• [How to complete this task]:
Please return the data that follows precisely as written, but without the images.

• [Data provided]:
········
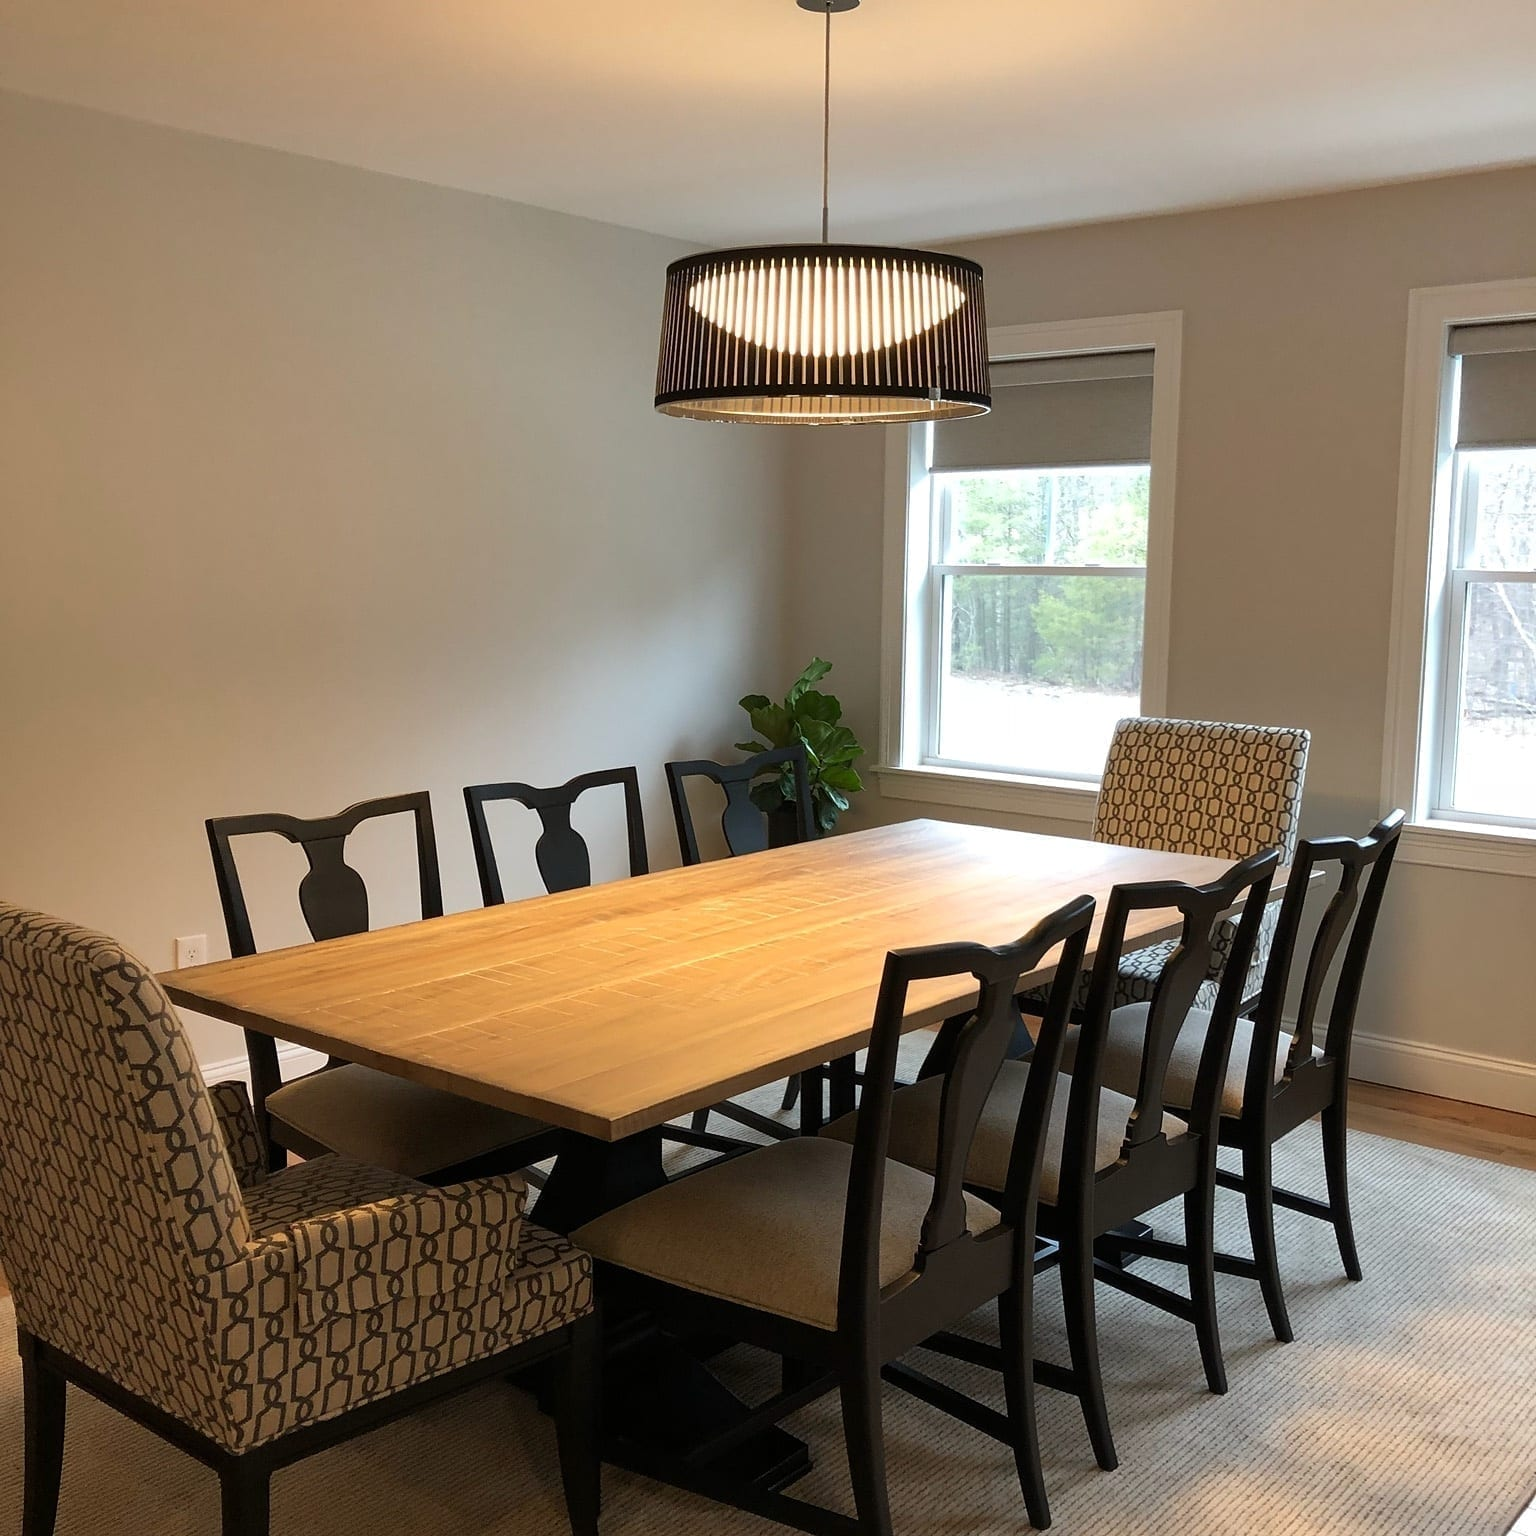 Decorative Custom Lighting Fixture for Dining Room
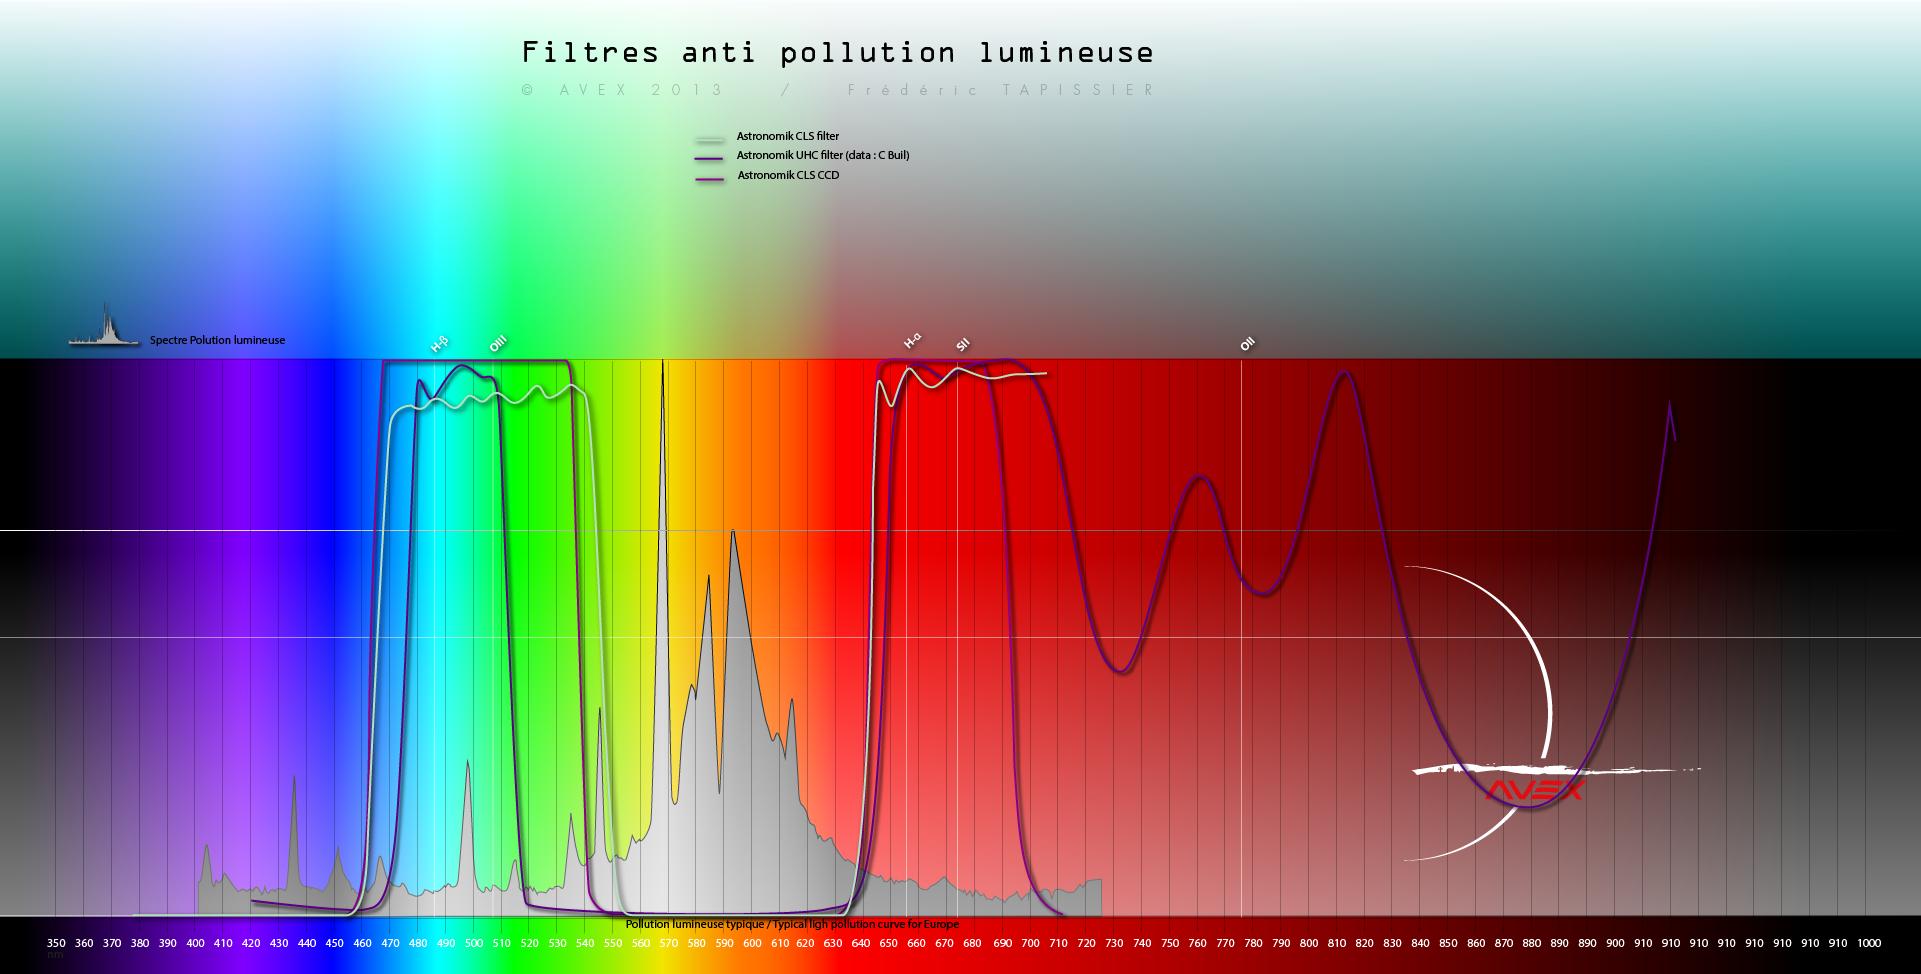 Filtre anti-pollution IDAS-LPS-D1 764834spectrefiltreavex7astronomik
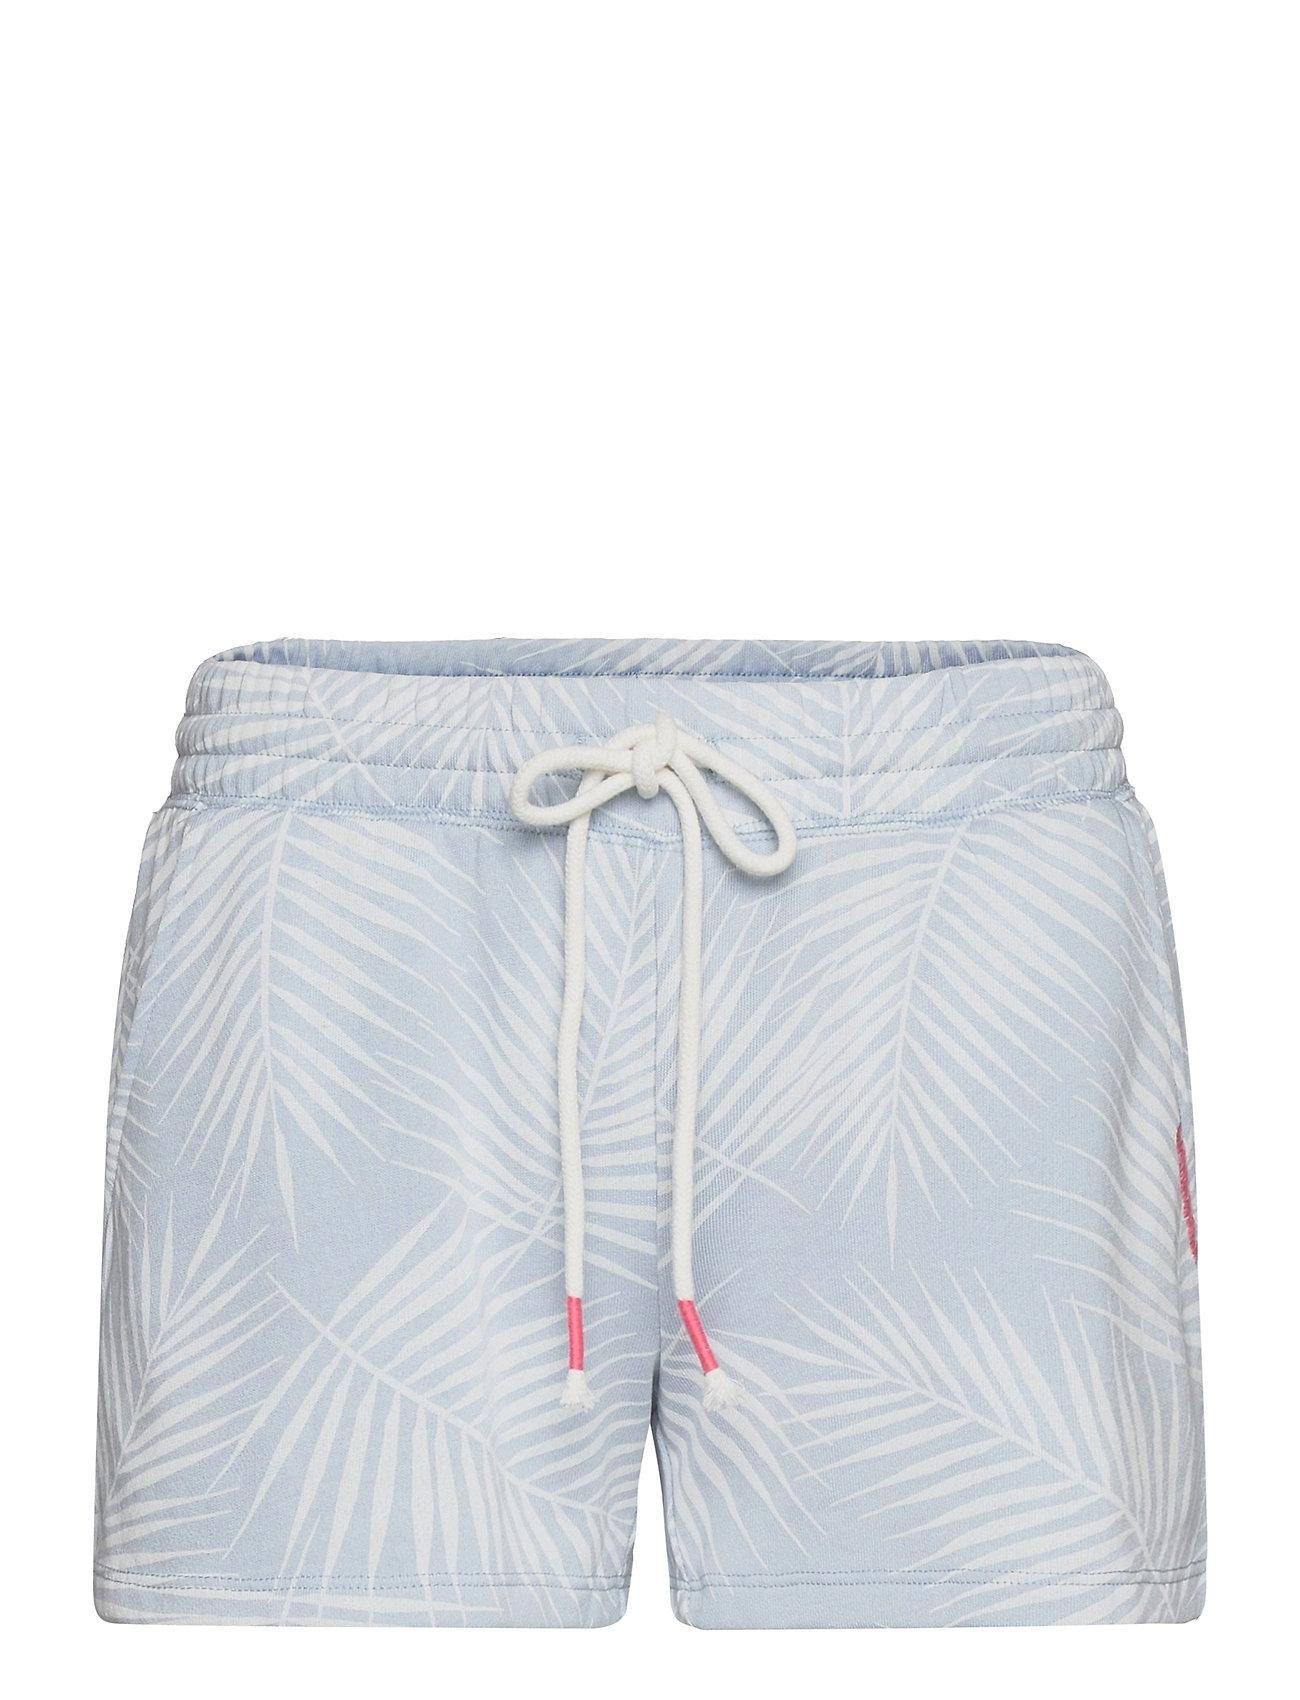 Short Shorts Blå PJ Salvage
········
• [Answer to the exercise]:
 Decorative Custom Lighting Fixture for Dining Room
 Filtre anti-pollution IDAS-LPS-D1 764834spectrefiltreavex7astronomik
 Short Shorts Blå PJ Salvage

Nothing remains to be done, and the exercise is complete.